Begitu isi surat tersebut. Di akhir surat tersebut tertempel stiker Panda imut yang sedang memegang bambu. Ya, aku memang menyukai hewan imut tersebut. Dari kecil aku suka meneriakkan kepada kedua orang tuaku bahwa aku suka Panda. Mereka pernah bercerita. Dulu aku pernah menangis karna tidak dibelikan boneka Panda besar nan lucu, aku mengurung diri selama dua hari tanpa makan dan minum. Dan akhirnya aku jatuh sakit karena kelaparan, sungguh masa kecil yang memalukan.

Aku memeriksa Hp yang dikirimkan oleh Papa dari Singapura.
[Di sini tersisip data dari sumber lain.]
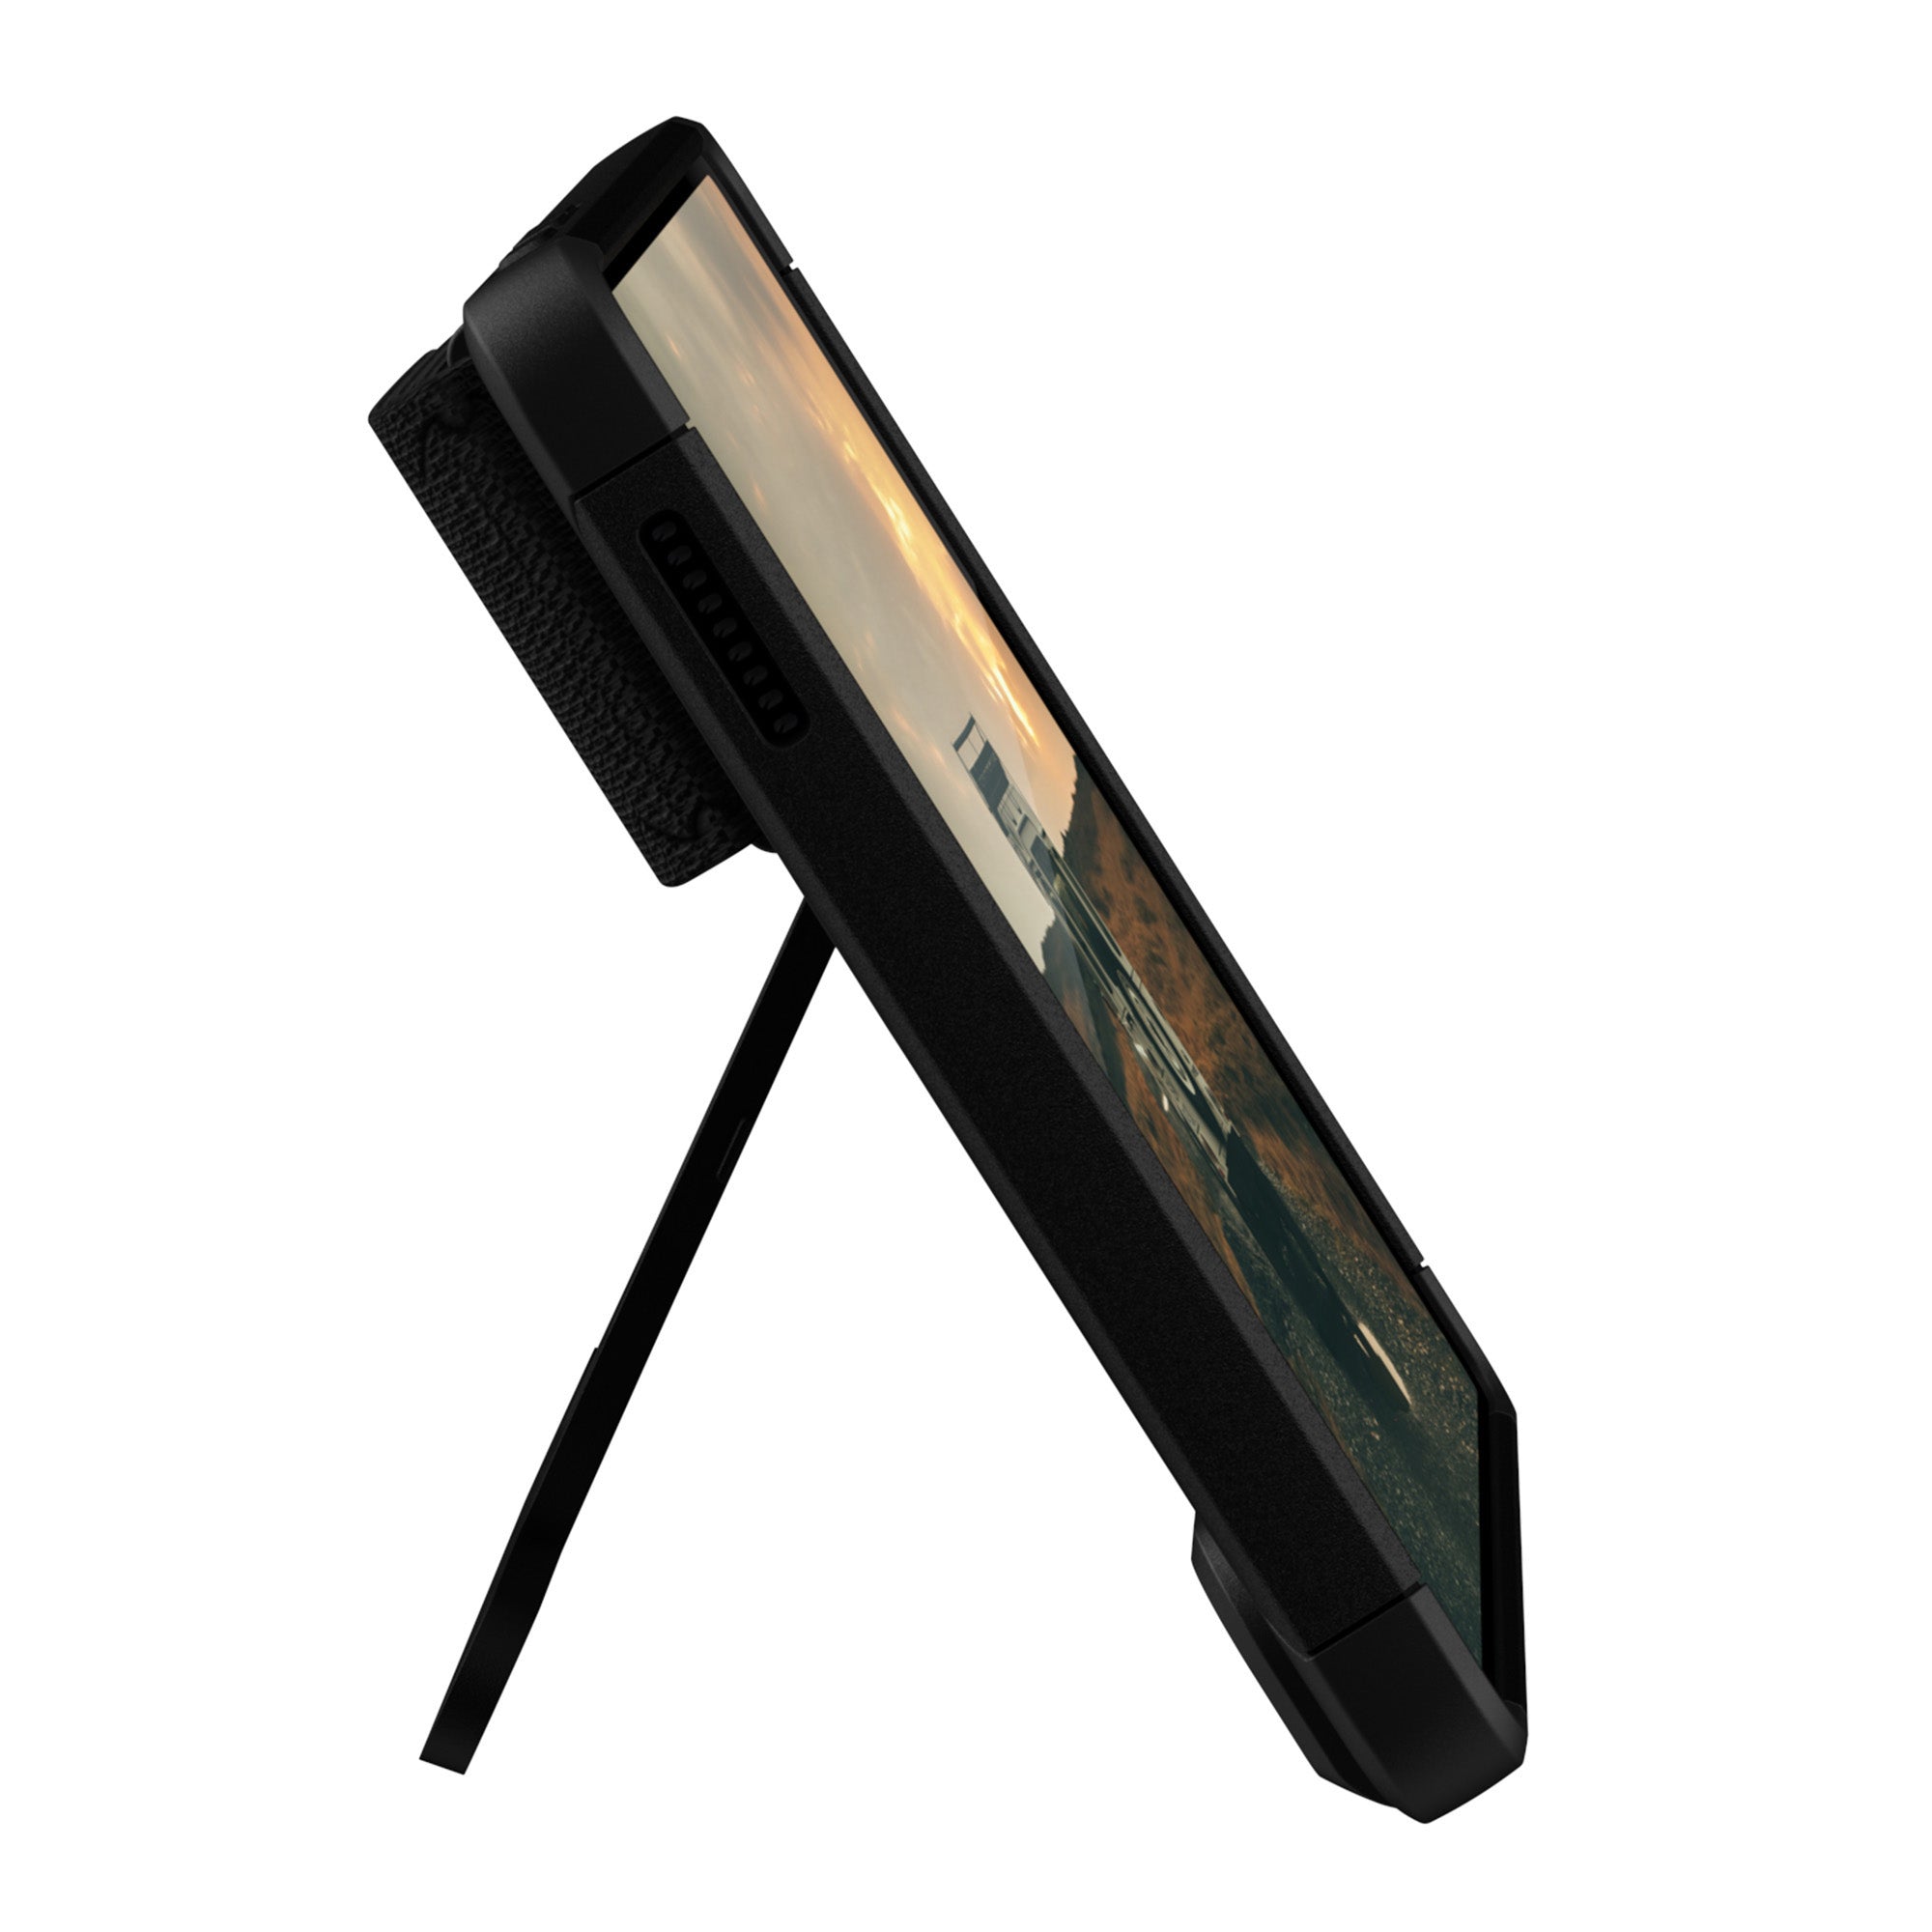 Samsung Galaxy Tab A7 Lite UAG Scout w/Kickstand and Handstrap Series Case - Black - 15-09381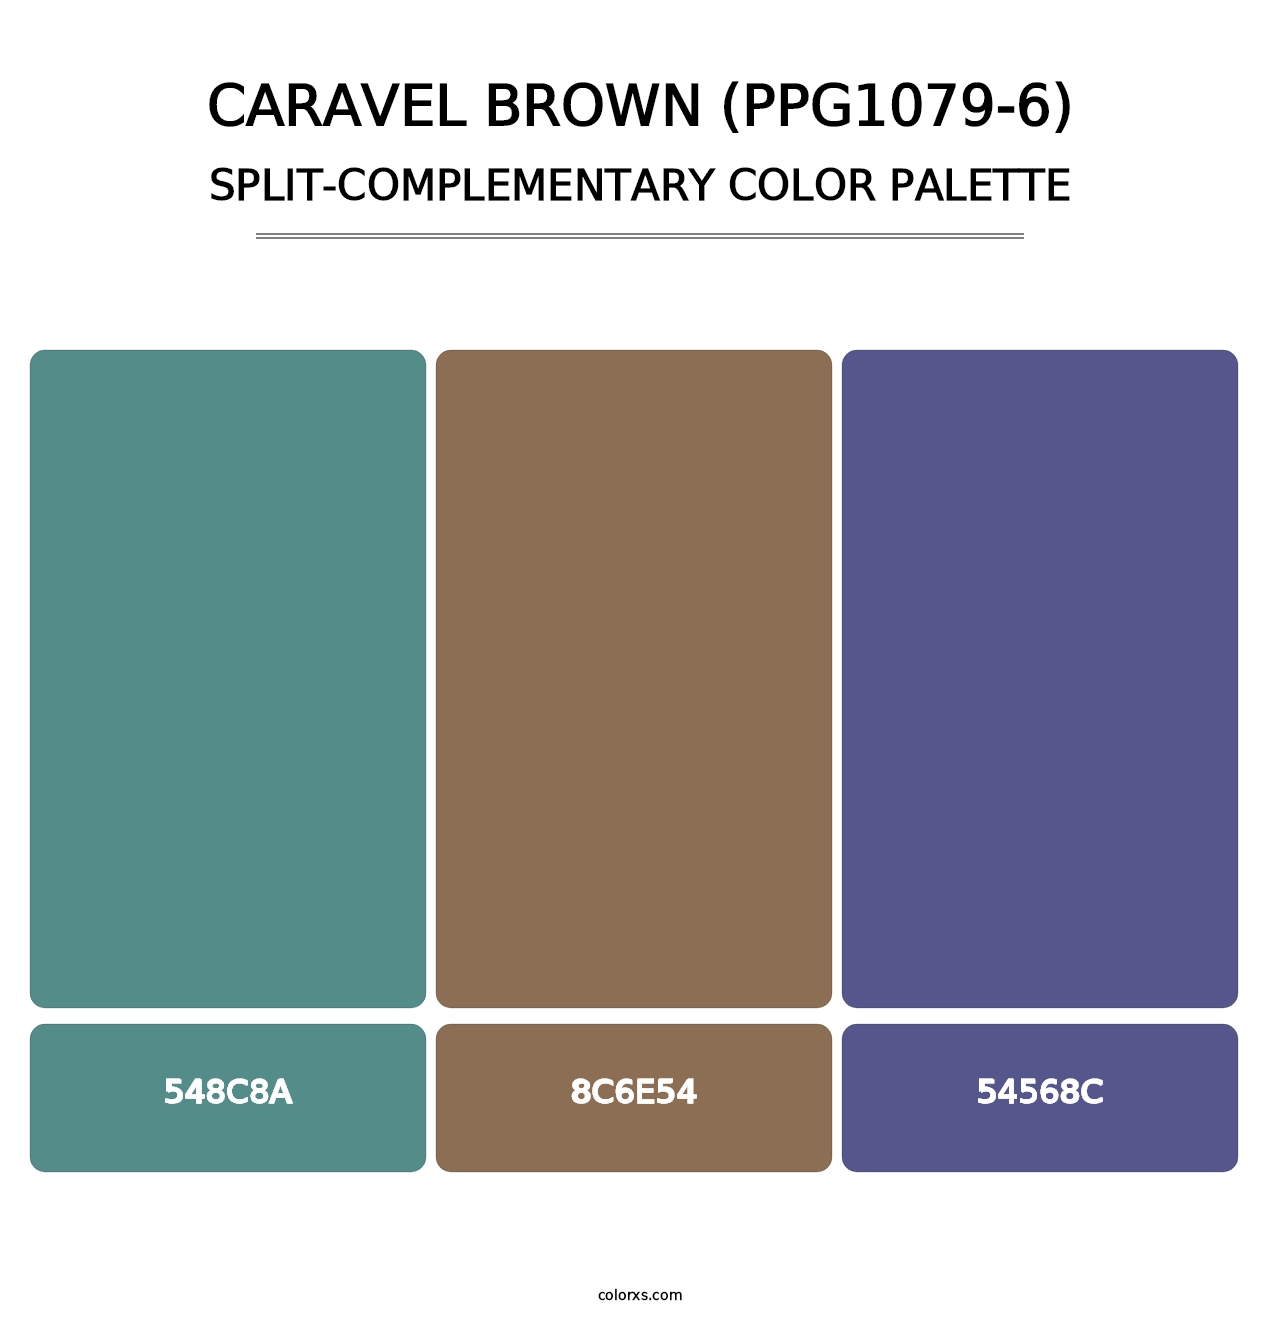 Caravel Brown (PPG1079-6) - Split-Complementary Color Palette

Hp yang berukuran lebih besar dari genggaman tanganku, warnanya hitam mengkilap. Ternyata Hp ini sudah dilapisi dengan pelindung kaca dan sudah terbungkus oleh Casing Hp hitam bergambar Panda dengan pita yang diikat lucu di kepalanya.

Tak habis habisnya aku memandangi Hp pemberian Papa. Aku mencoba menghidupkan benda di dalam genggaman tangaku ini. Getaran pelan terasa saat tombol Power kutekan lama, aku memeriksa isi dari Hp ini. Memeriksa beberapa fitur baru yang dulu tidak ada di Hp lamaku. Aku senang bukan main saat mengecek ikon Telepon, aku berniat memasukkan nomer telfon. Tapi ternyata nomerku sudah tertulis disana, juga nomer Mbak Neni yang baru saja ku periksa dan ternyata ada. Syukurlah, aku tidak perlu repot repot menuliskan nomer yang bahkan aku sendiri tidak ingat.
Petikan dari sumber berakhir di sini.